TASK INPUTS section start

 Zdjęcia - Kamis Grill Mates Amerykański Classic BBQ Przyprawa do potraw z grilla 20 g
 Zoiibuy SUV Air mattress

TASK INPUTS section end
TASK INPUTS section start

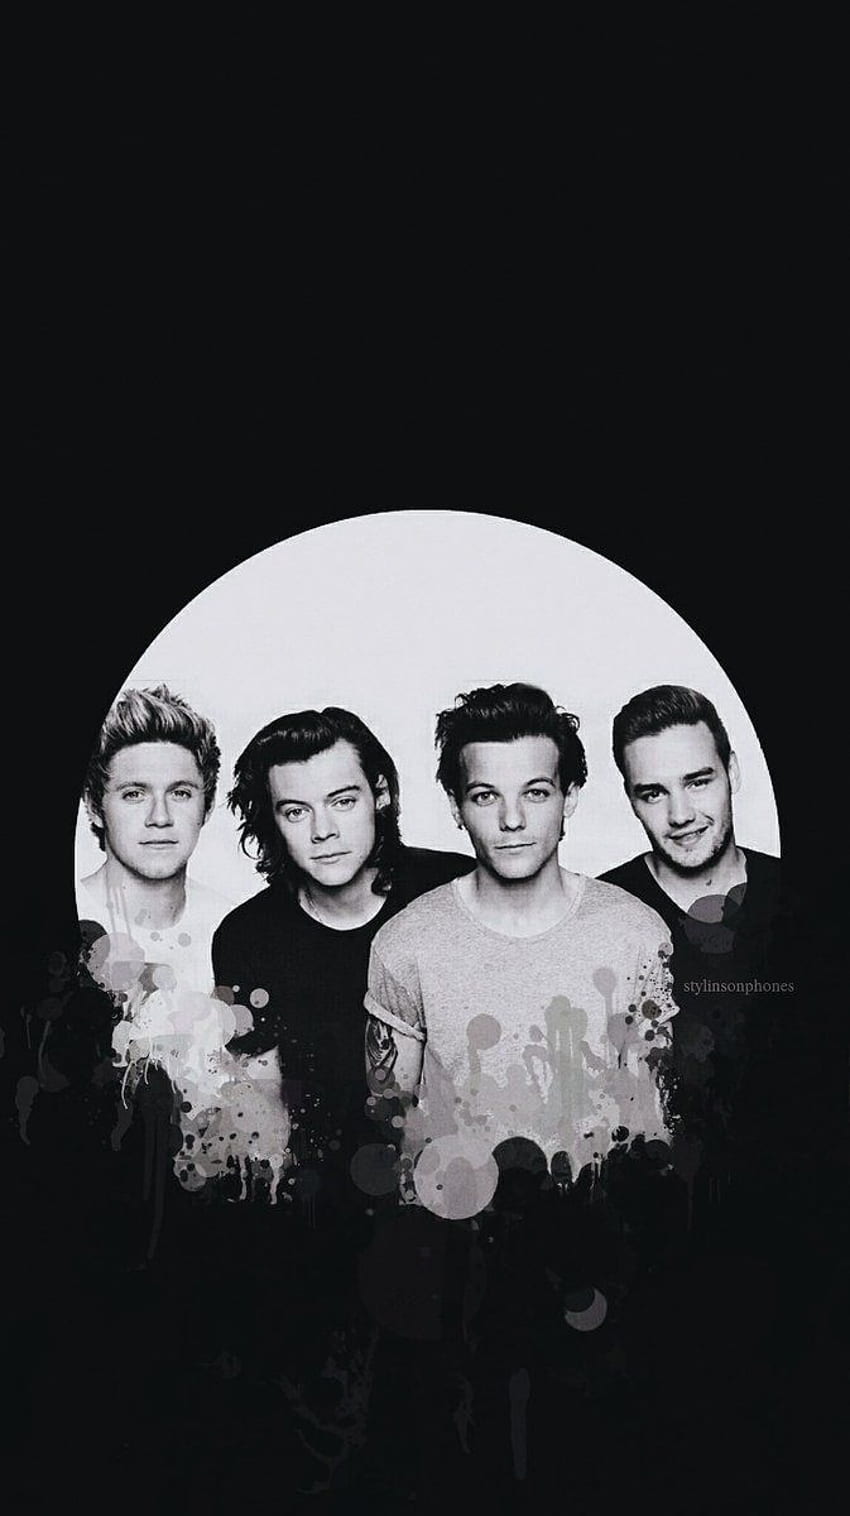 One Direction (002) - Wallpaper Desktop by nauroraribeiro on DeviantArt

TASK INPUTS section end
TASK INPUTS section start

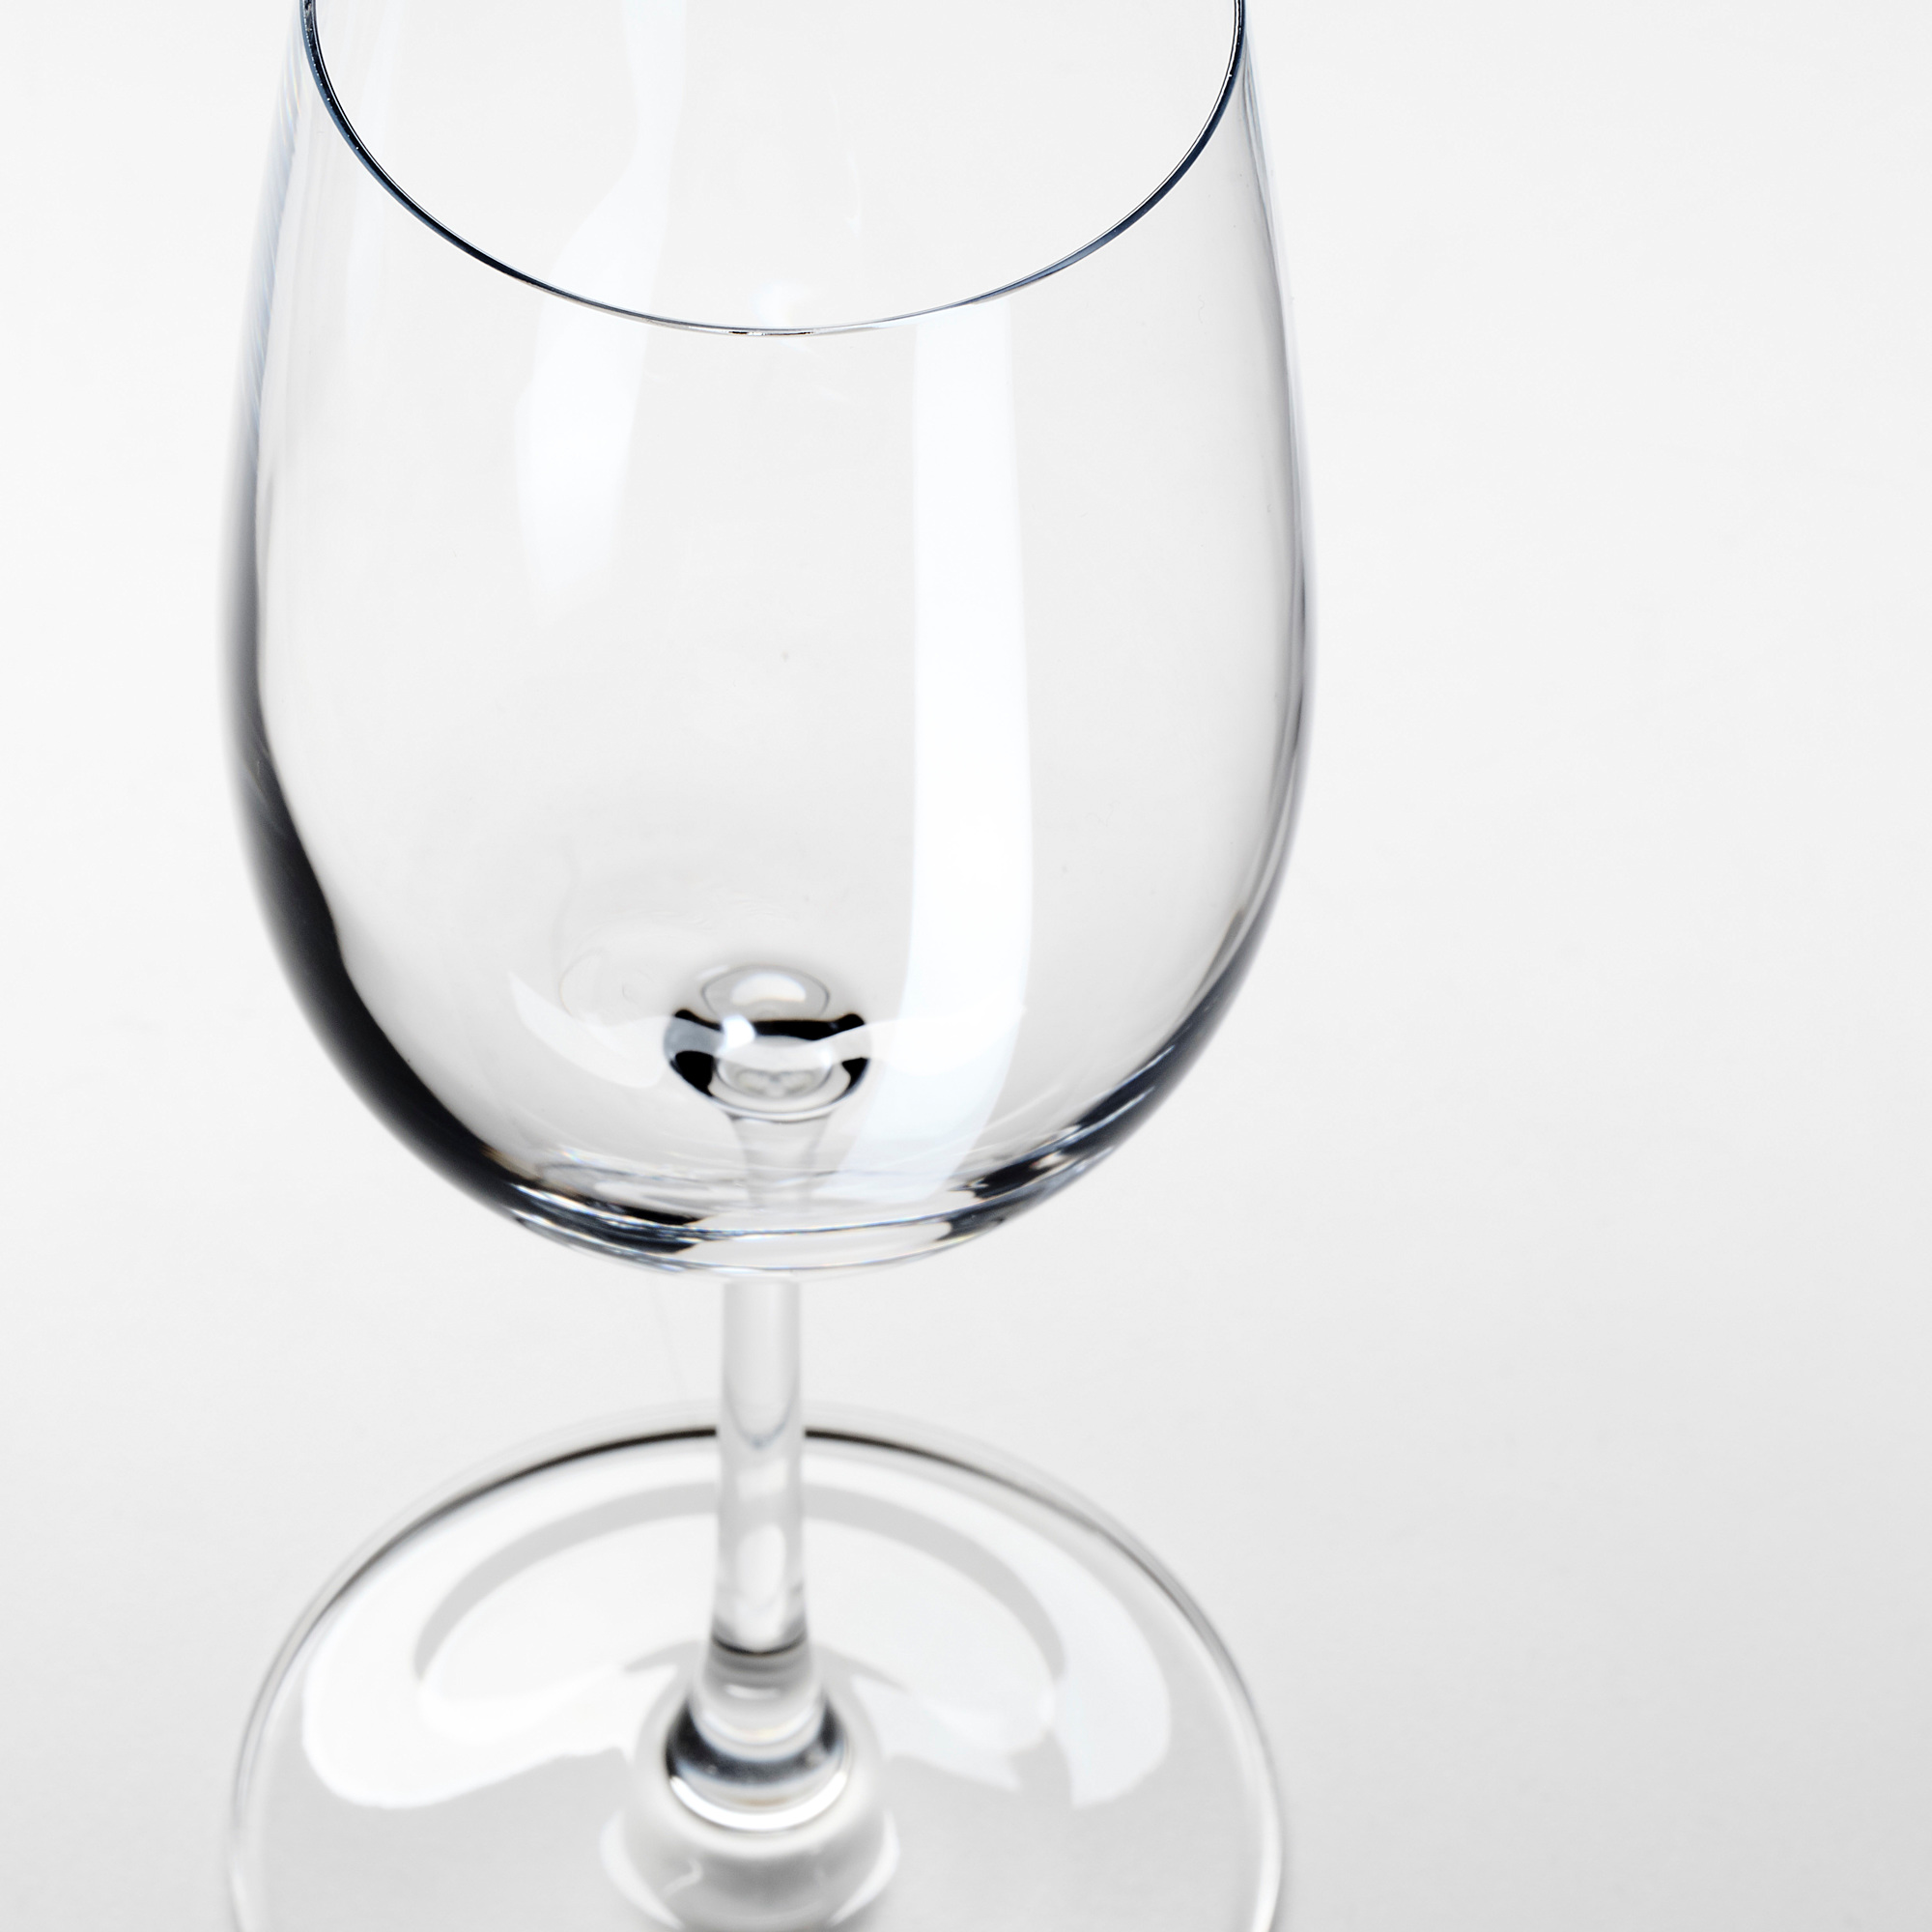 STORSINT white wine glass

TASK INPUTS section end

In the entries above, find the line with "Zdjęcia - Kamis" and the line with "Zoiibuy SUV Air mattress", then restate word for word both of them and every line between, with nothing more.

ANSWER TO THIS EXERCISE –
 Zdjęcia - Kamis Grill Mates Amerykański Classic BBQ Przyprawa do potraw z grilla 20 g
 Zoiibuy SUV Air mattress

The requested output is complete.